[What the exercise asks] A verbatim reproduction of the lines below, from the line containing "Décoration jouet tricoté" through the line containing "Pánské cestovatelské tričko", both ends included, is the whole required output.

[Data for the task]

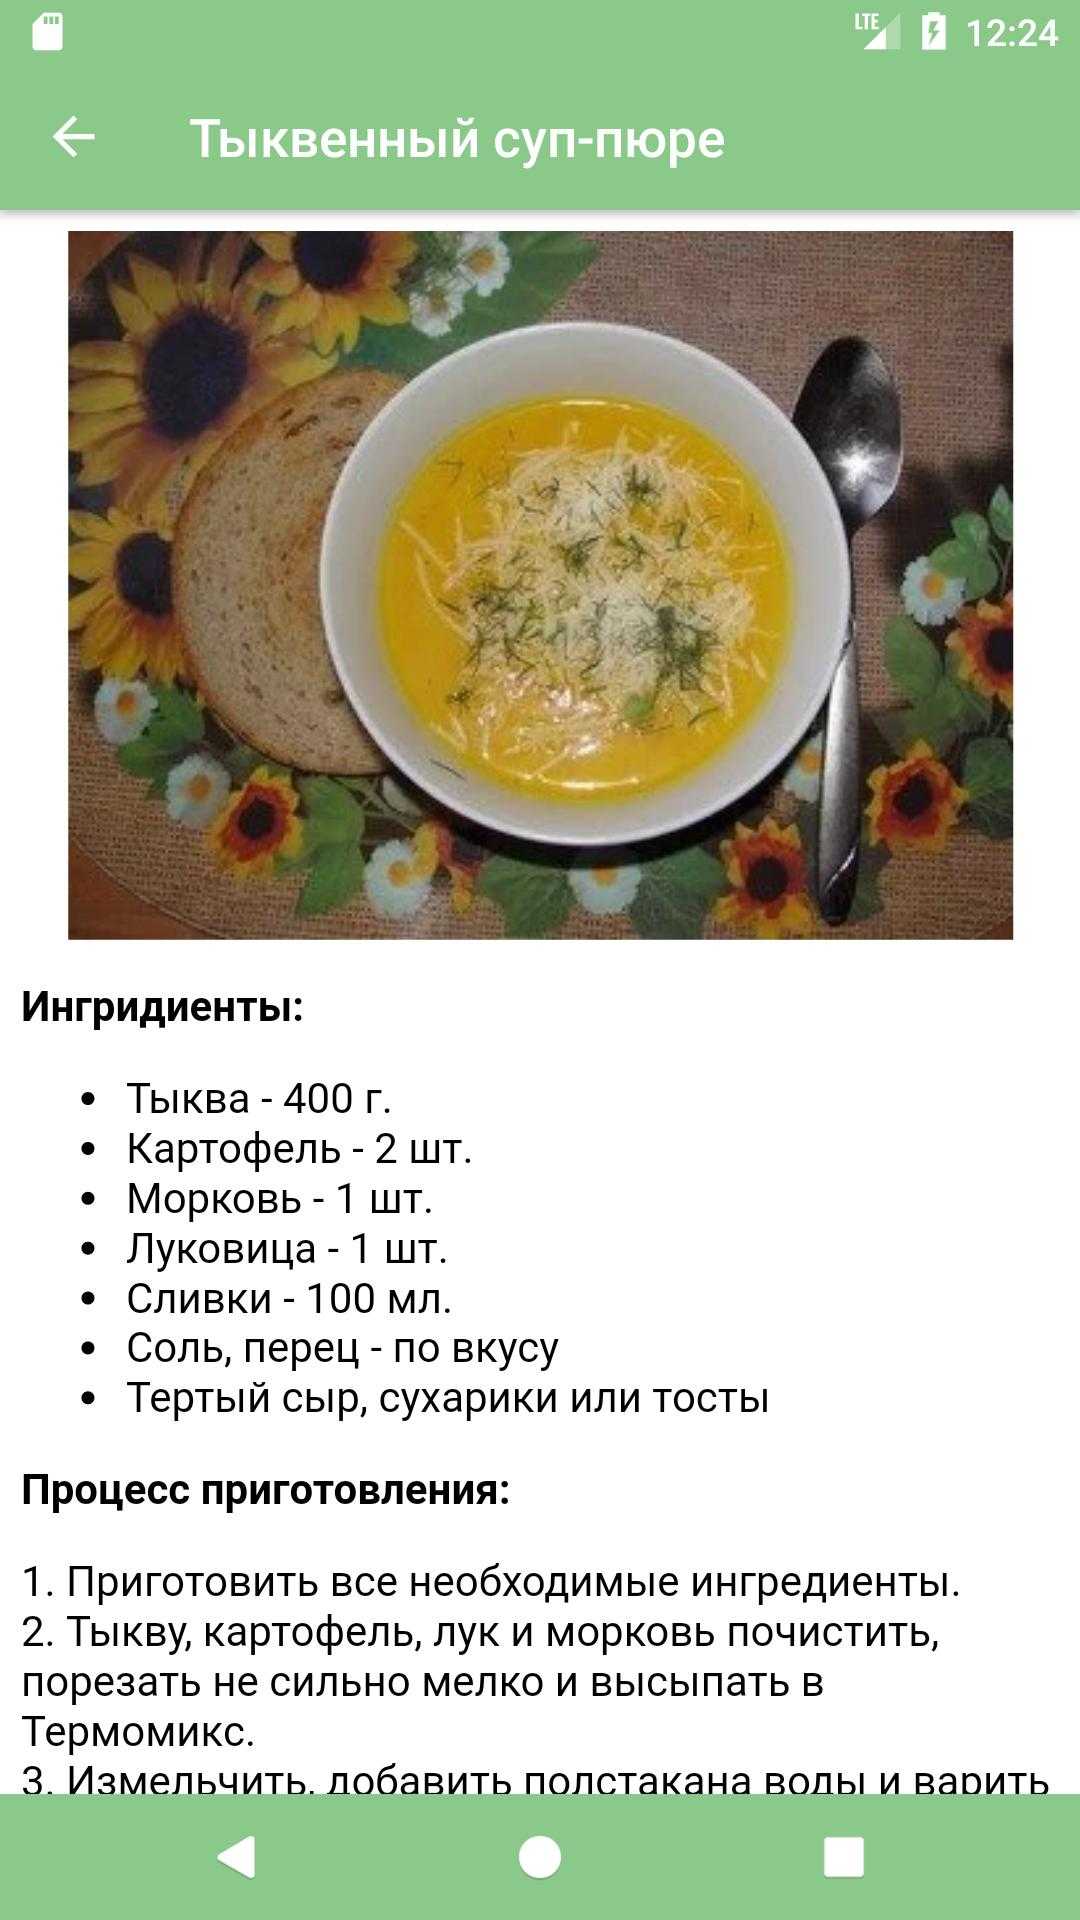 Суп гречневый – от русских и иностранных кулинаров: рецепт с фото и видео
* * *
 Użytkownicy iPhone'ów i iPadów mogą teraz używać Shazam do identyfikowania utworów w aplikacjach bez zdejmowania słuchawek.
---
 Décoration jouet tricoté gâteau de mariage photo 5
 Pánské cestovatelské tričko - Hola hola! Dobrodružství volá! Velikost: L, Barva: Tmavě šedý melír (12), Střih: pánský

[Task response]
 Décoration jouet tricoté gâteau de mariage photo 5
 Pánské cestovatelské tričko - Hola hola! Dobrodružství volá! Velikost: L, Barva: Tmavě šedý melír (12), Střih: pánský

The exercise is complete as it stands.